Final Exam Flashcards
What is an MDP?
A Markov decision process
What are the components of an MDP?
State, Action, Reward
Is it possible to have multiple terminal states in an MDP?
Yes
What is the Markov property?
Next state only depends on current state.Everything one needs to know about the environment is encoded in the current state. There is no need to access data from past steps.
What is Value Iteration?
Using the Bellman equation to update the value of each state iteratively until convergence. Updating the policy once per iteration until convergence.
What is a policy?
A policy is a mapping from states to actions for an MDP.
What is the meaning of the Bellman equations? What do they do?
“(the Bellman equation) expresses a relationship between the value of a state and the values of its successor states.” S&B 2020
OR
An update rule for the value of a state based on the seen reward and the expected value of the next state.
Is it possible that value iteration never converges on your formulation of MDP with a proper convergence criterion?
False. “(Policy and Value Iteration)… All of these algorithms converge to an optimal policy for discounted finite MDPs.” S&B 2020.
Does policy iteration or value iteration converge faster? Give an explanation of your answer.
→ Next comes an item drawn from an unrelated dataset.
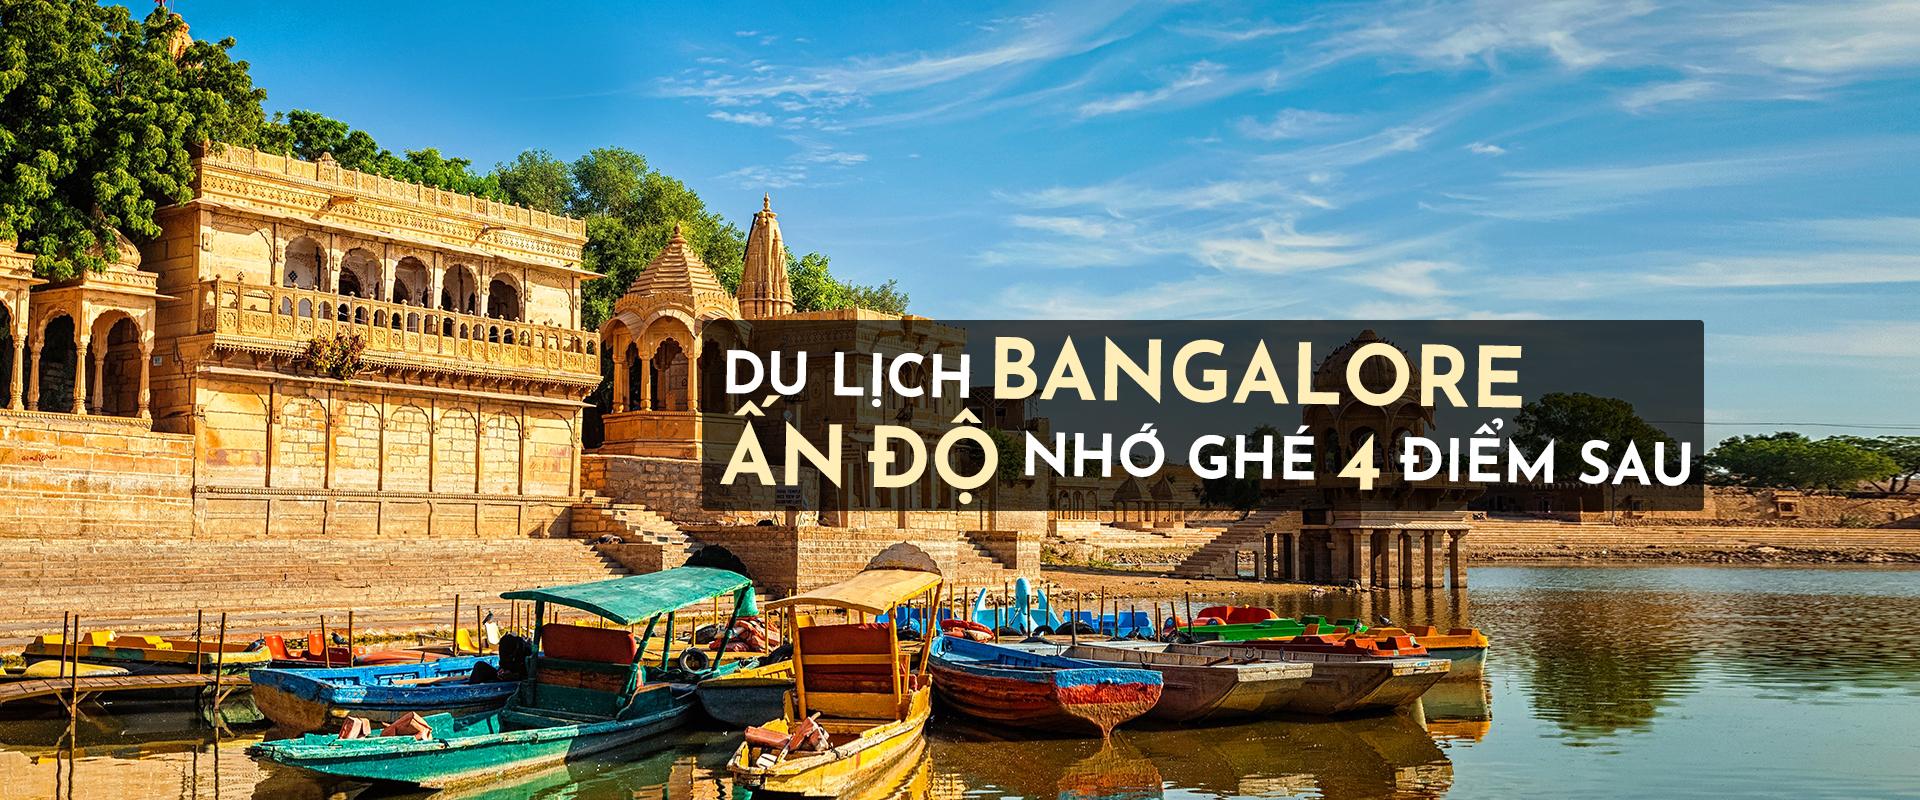 Du lịch Bangalore Ấn Độ nhớ ghé 4 điểm sau
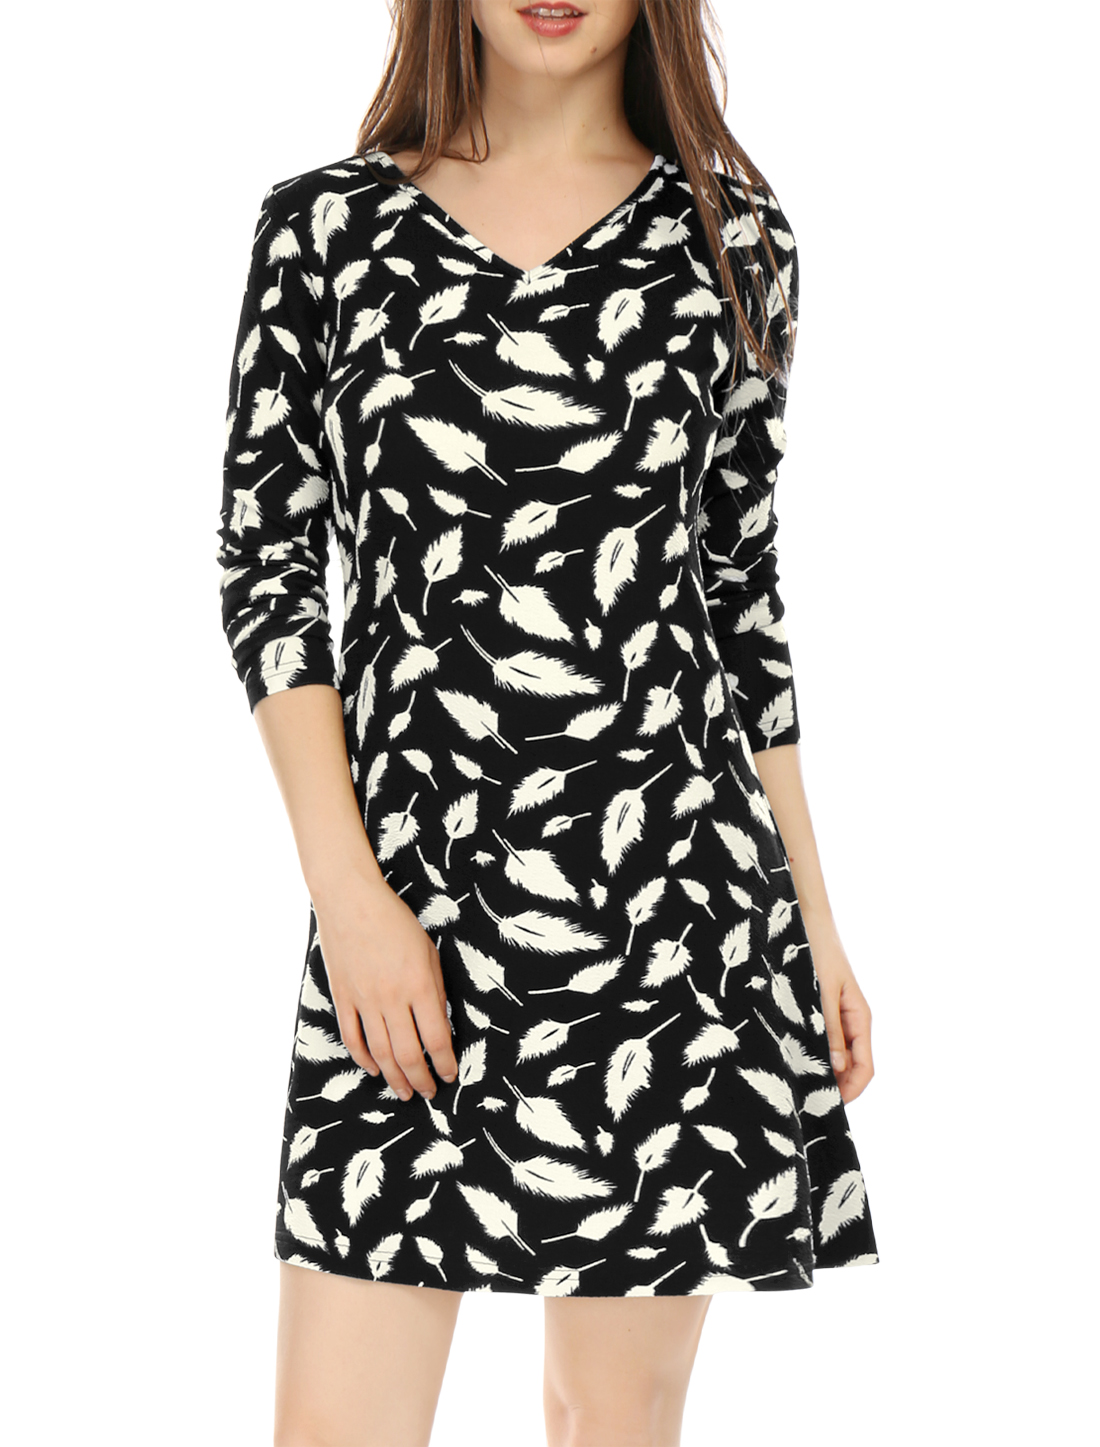 Women V Neck Long Sleeves Feather Print Mini Dress Black M

Both algorithms are guaranteed to converge to an optimal policy in the end. Yet, the policy iteration algorithm converges within fewer iterations. As a result, the policy iteration is reported to conclude faster than the value iteration algorithm.
Explain the two types of tasks modeled by MDPs; unify the notation used to describe these two tasks, and describe the type of state that allows you to unify them. (Hint: you may find section 3.4 of S&B helpful.)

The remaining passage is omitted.